Update on this: I've been using async-hook-domain for the last several versions of tap, and it mostly works.

However, in order to handle errors, it has to do some unsavory things, like patch process._fatalException. And due to https://github.com/nodejs/node/issues/26794, it fails to get the correct continuation flow when multiple promises are in use.

Domains were deprecated in node v4, after all. As of v13, still no answer as to what to use instead.

devsnek commented 4 years ago

26794 is unfortunate, but when it is fixed it should be possible to track promise rejection that originates from the context of your choosing. As to a replacement for domains, I don't think there will be one magic module to replace everything domain did. In particular, domain tied async context and error handling together, and it became increasingly contrived and complex trying to follow how js worked. Async context tracking is fairly inherent to node core, and we have async_hooks for that. Error handling though, is a very nuanced problem. People don't even agree on what constitutes exceptional behaviour (for example, the argument on unhandled rejection tracking), so leaving that to userland seems appropriate to me. Your async-hook-domain module feels to me like a good sign that we're on the right path. There are definitely kinks to be worked out, but you're tracking errors across async contexts, on your own terms.

jasnell commented 3 years ago

Going to transition this thread into a discussion at this point. Scratch that, looks like the option to convert an issue into a discussion has been temporarily disabled.

ORESoftware commented 11 months ago

there are things that @isaacs and I disagree on, but I agree 100% with his comments on this thread. Domains are a political/religious issue because most people don't seem to really understand how they work. I dont see why maintaining them in core would be any harder than maintaining the equivalent functionality with async-hooks - however there is no equivalent functionality with async-hooks? Some might be ok with having no such equivalent functionality - but many of us are not.

isaacs commented 11 months ago

@ORESoftware i did end up scratching my own itch with async-hook-domain https://www.npmjs.com/package/async-hook-domain

If you need the error handling behavior of domains, then it's worth taking a look at.
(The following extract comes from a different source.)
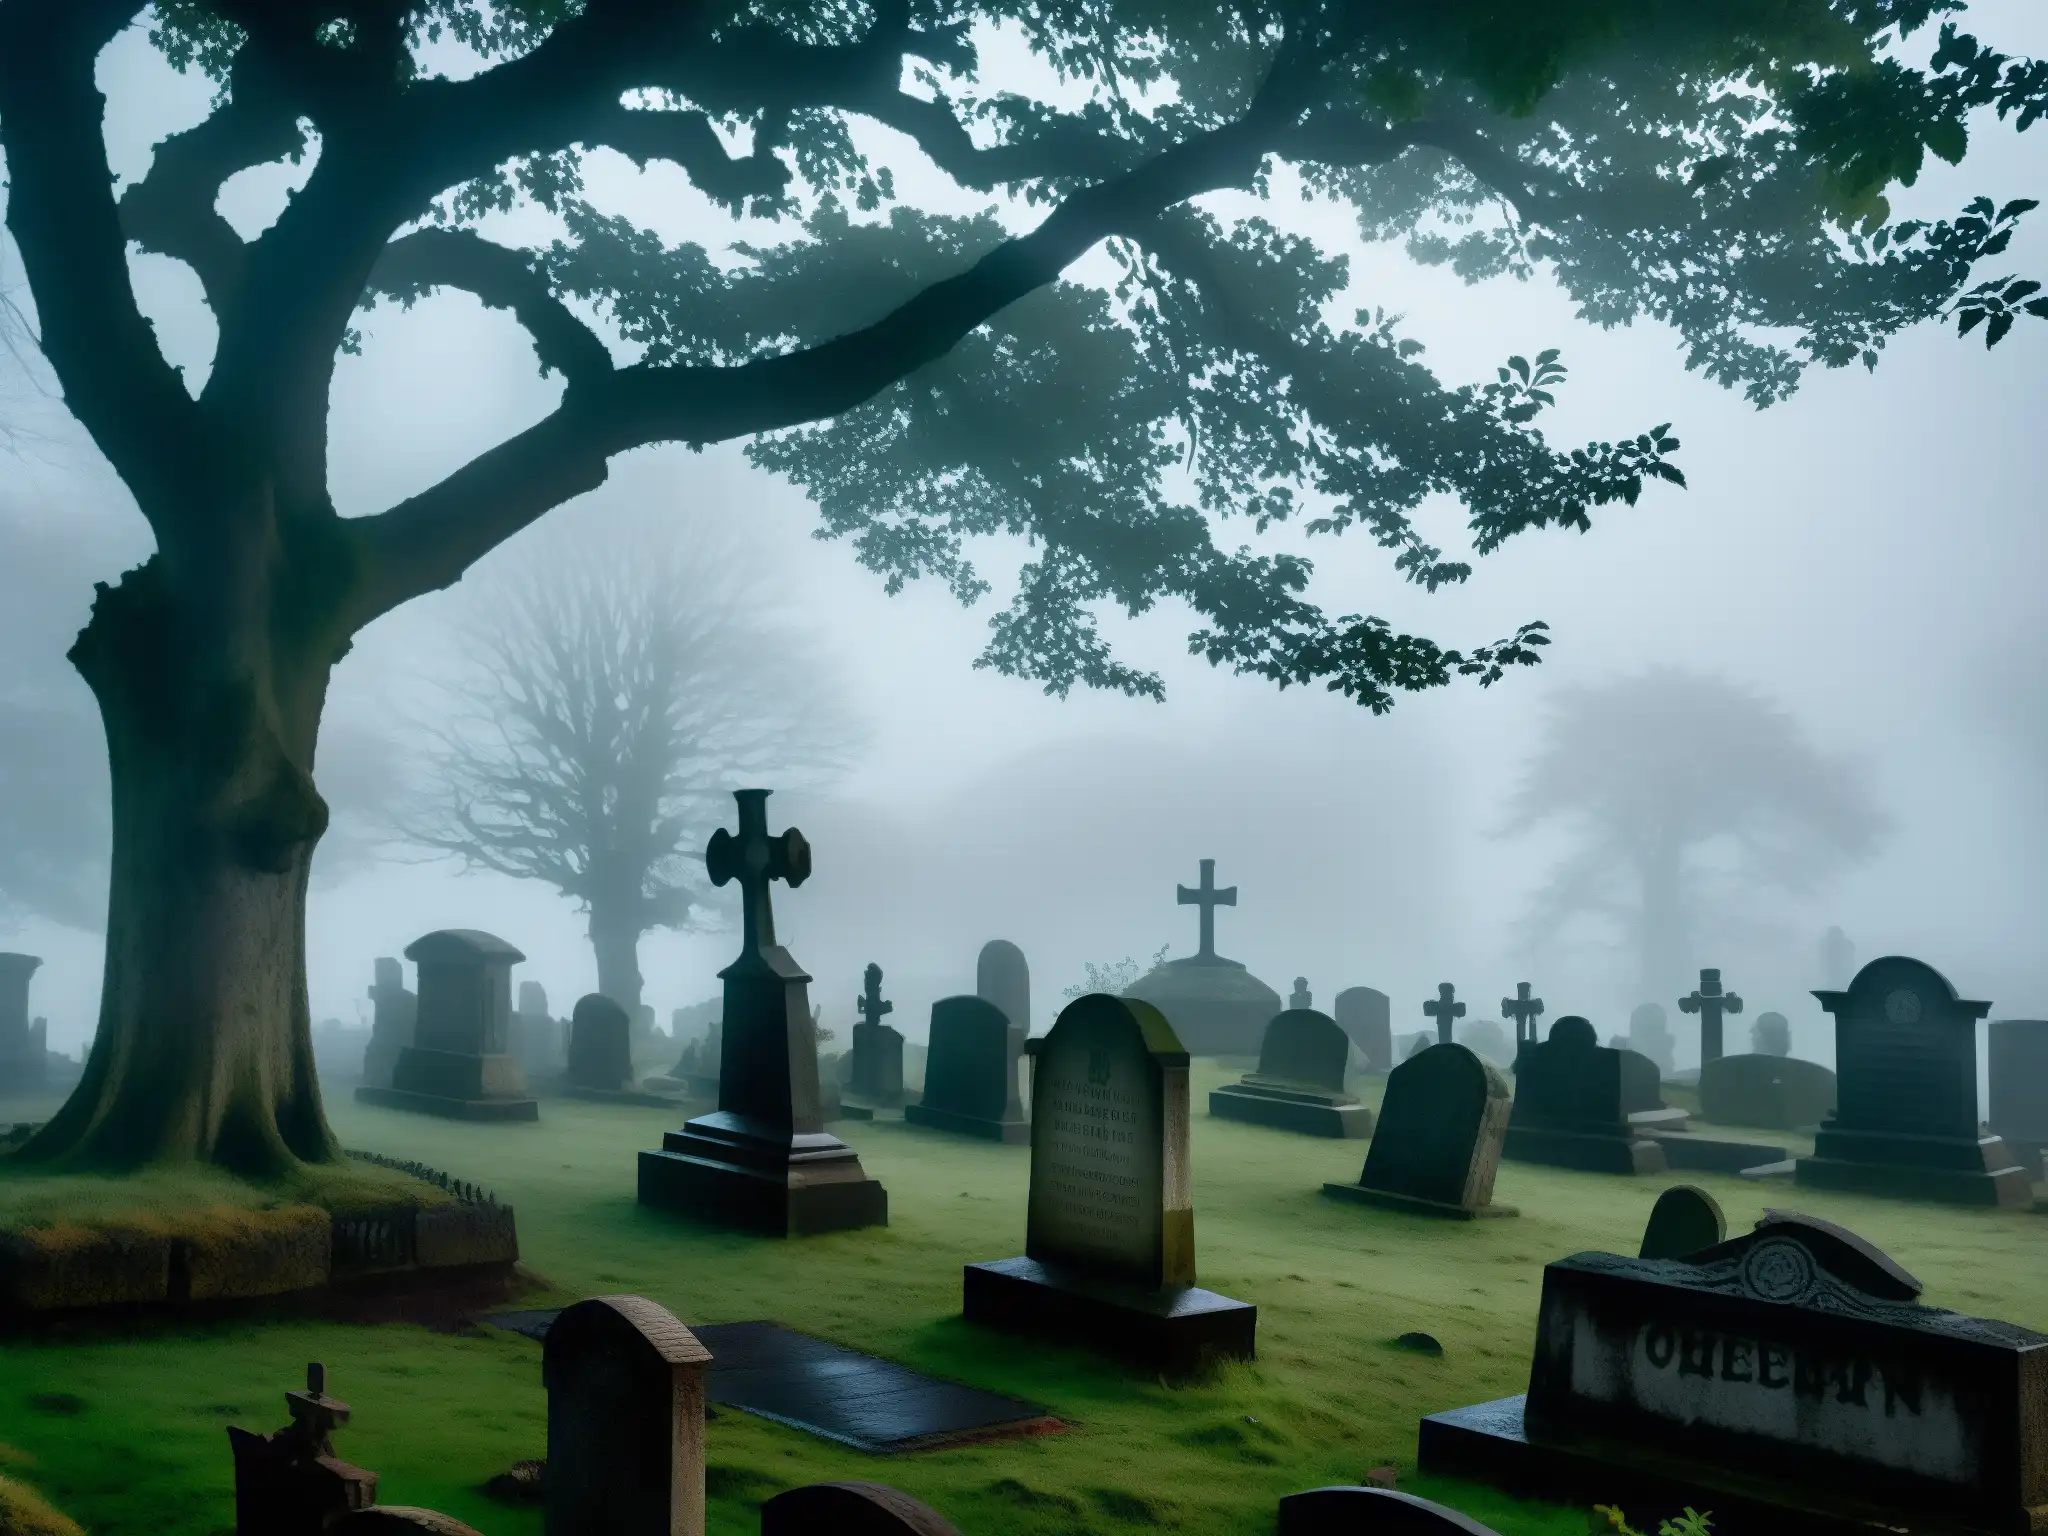 Una imagen documental de alta resolución del misterioso Cementerio Lothian envuelto en niebla al anochecer, con antiguas lápidas
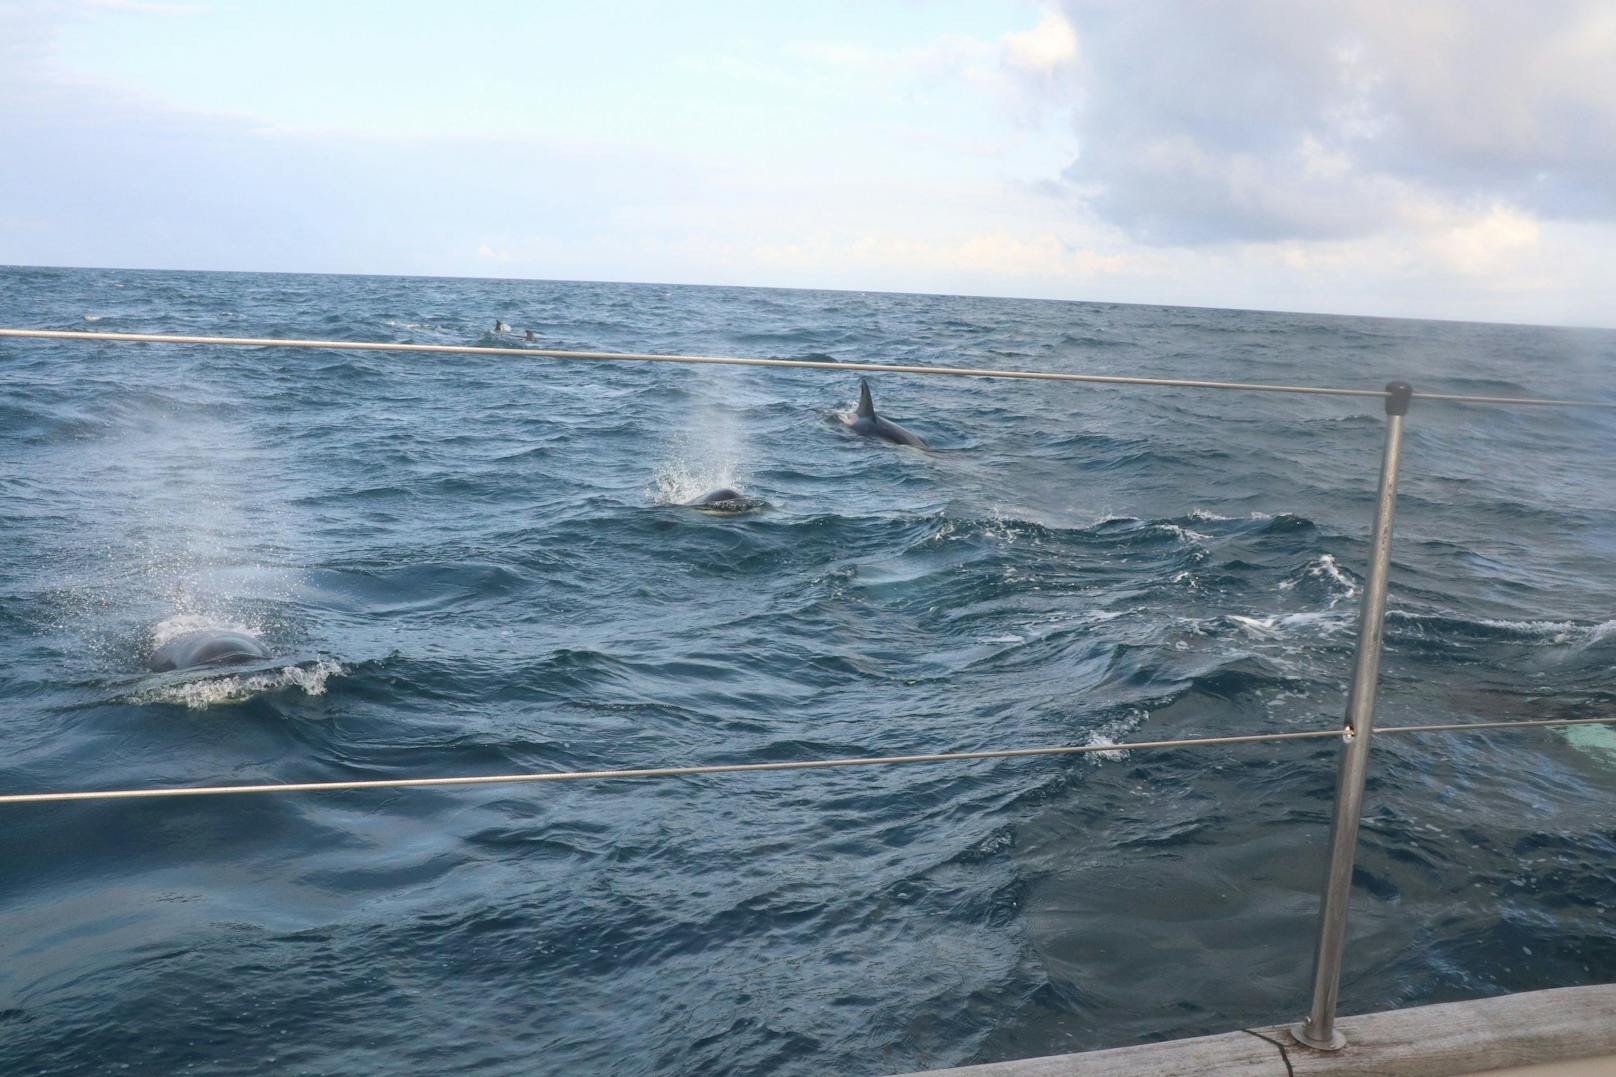 Immer wieder rammten die fünf Tonnen schweren Orcas das Boot. <br>

ORESoftware commented 11 months ago

@isaacs thanks - I learned a lot about domains by implementing npm package "domain-haven" -> before version 14, a lot of times, I would be touching these a lot:

process.on('unhandledRejection', (e, p) => {
   // reference p.domain if it exists
});

process.on('uncaughtException', (e) => {
  // reference process.domain if it exists
});

questions about your library belong there but someone will probably use this thread someday - and I could probably poke through your codebase to find out - but does your library need to reference the above global handlers? It certainly would be nice if things were implemented in core (etc etc) so that whatever is "acting like domain" is consistent enough to not need to deal with global things like those handlers.

isaacs commented 11 months ago

@ORESoftware It uses the newer process.setUncaughtExceptionCaptureCallback method to handle errors and the process.on('uncaughtExceptionMonitor') event to know when an error has occurred and look up the appropriate handler from the stack of Domains for the given async context. There is necessarily some "global" hooking that needs to be done, because errors that are not handled go unhandled to the global context, that's what "unhandled" means. But at least, the more recent interfaces are cleaner and less prone to interference from code that is doing other things.